Yeah, I know. The truth is, we have been thinking about adding ducks to the working garden for nearly a year. We’ve been researching breeds, and we’ve been slowly hand-digging a pond for our eventual duck-friends. We decided to bring in a few quackers for one primary reason: slug and snail control. I could start a small escargot business with the number of snails that call my yard home, and my budget for Sluggo every year to deal with the slimy mollusks before they deal with my veggies is rather ridiculous.

Ducks, everyone assures me, are the solution for slugs. And you get duck eggs, which are amaze-balls and make the best creme brulee ever. So if you think about it, ducks turn slugs into creme brulee. Just. Like. Magic.

We had planned on buying Welsh Harlequin ducklings mail order, but while at the Mother Earth News Fair this past weekend, I attended a presentation called Raising Ducks: The Power of Ducks in a Permaculture Design.

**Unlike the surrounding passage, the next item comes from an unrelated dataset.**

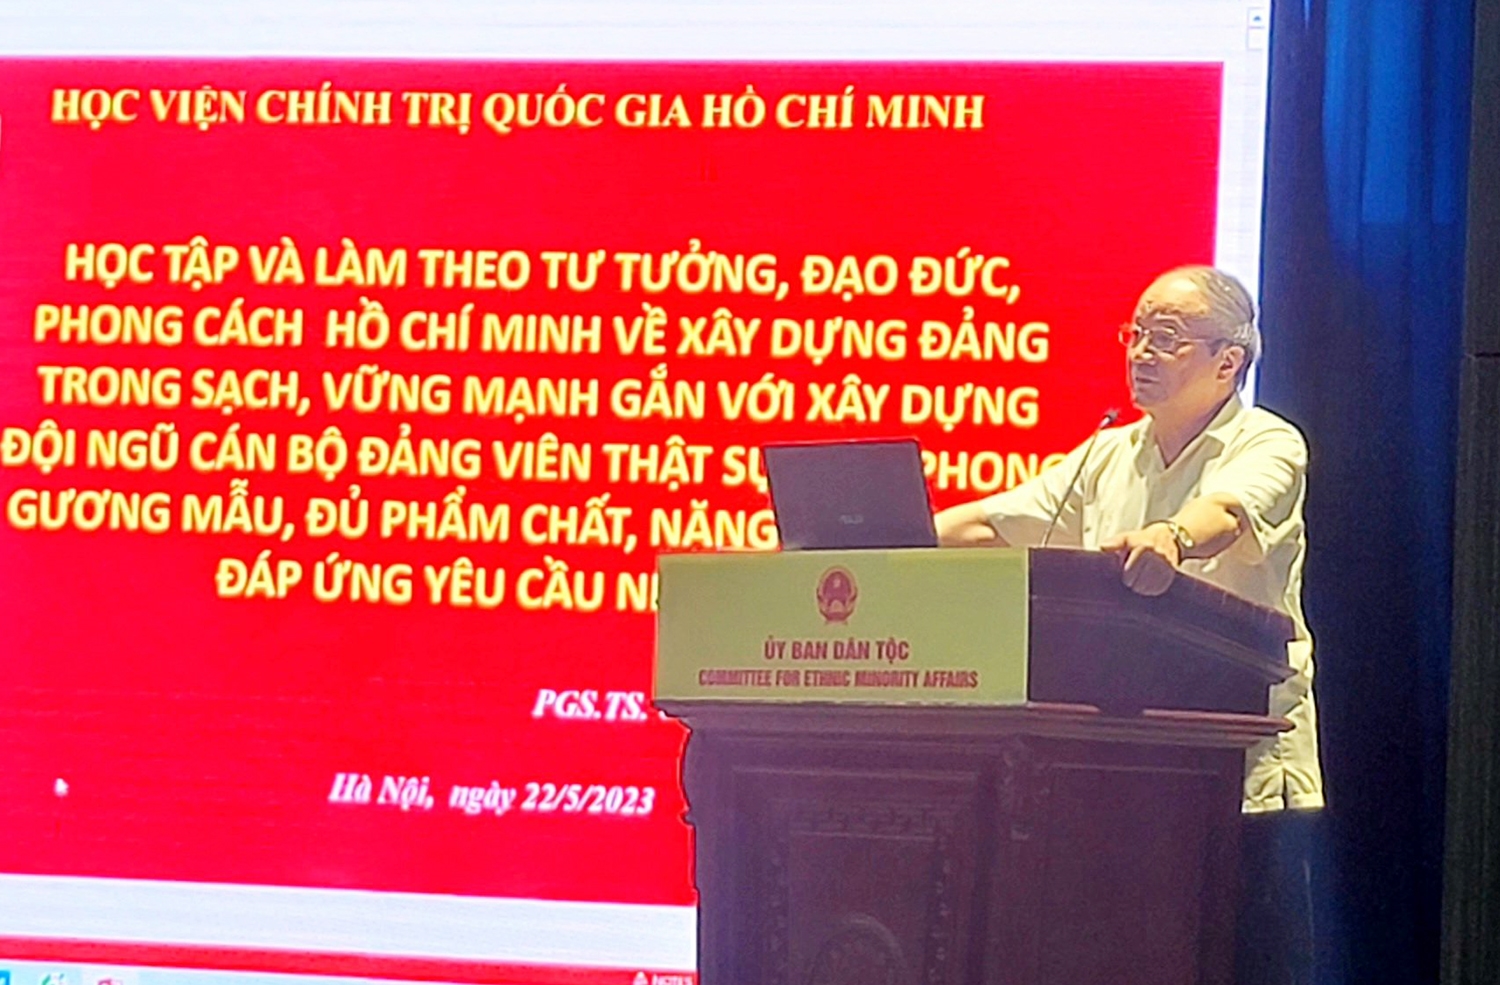 PGs.Ts. Nguyễn Toàn Thắng - nguyên Viện trưởng Viện Văn hóa và phát triển, Học viện Chính trị Quốc gia Hồ Chí Minh là báo cáo viên tại Hội nghị

This slideshow talk from Evan and Rachel, the owners of Boondockers Farm outside Portland, was the hit of the fair circuit for me. Evan and Rachel detailed their experience raising and breeding the critically endangered Ancona ducks. I came away smitten by these splotchy, quiet, productive, hardy ducks.

When I stalked followed up with Evan and Rachel back at their farm booth after the presentation, they had a bunch of Ancona ducklings and three adult breeding pairs (one male, one female, sold together) for sale.

Ancona Ducks

Ancona Ducks

I needed these ducks. Some women need $400 shoes. Some need monthly spa facials. I needed ducks.

I texted my husband: “Honey, I’m going to buy two ducks.”

He texted back, “Is this a well thought-out decision?”

“Not in the slightest.”

So I bought a couple - Evan helped me pick out a male and female – and we brought them home from the fair in a cardboard box. My husband is a very tolerant man.

Ancona Ducks

Ancona Ducks

There is nothing cuter than baby ducklings, but I opted to buy a grown, mating pair for a few reasons.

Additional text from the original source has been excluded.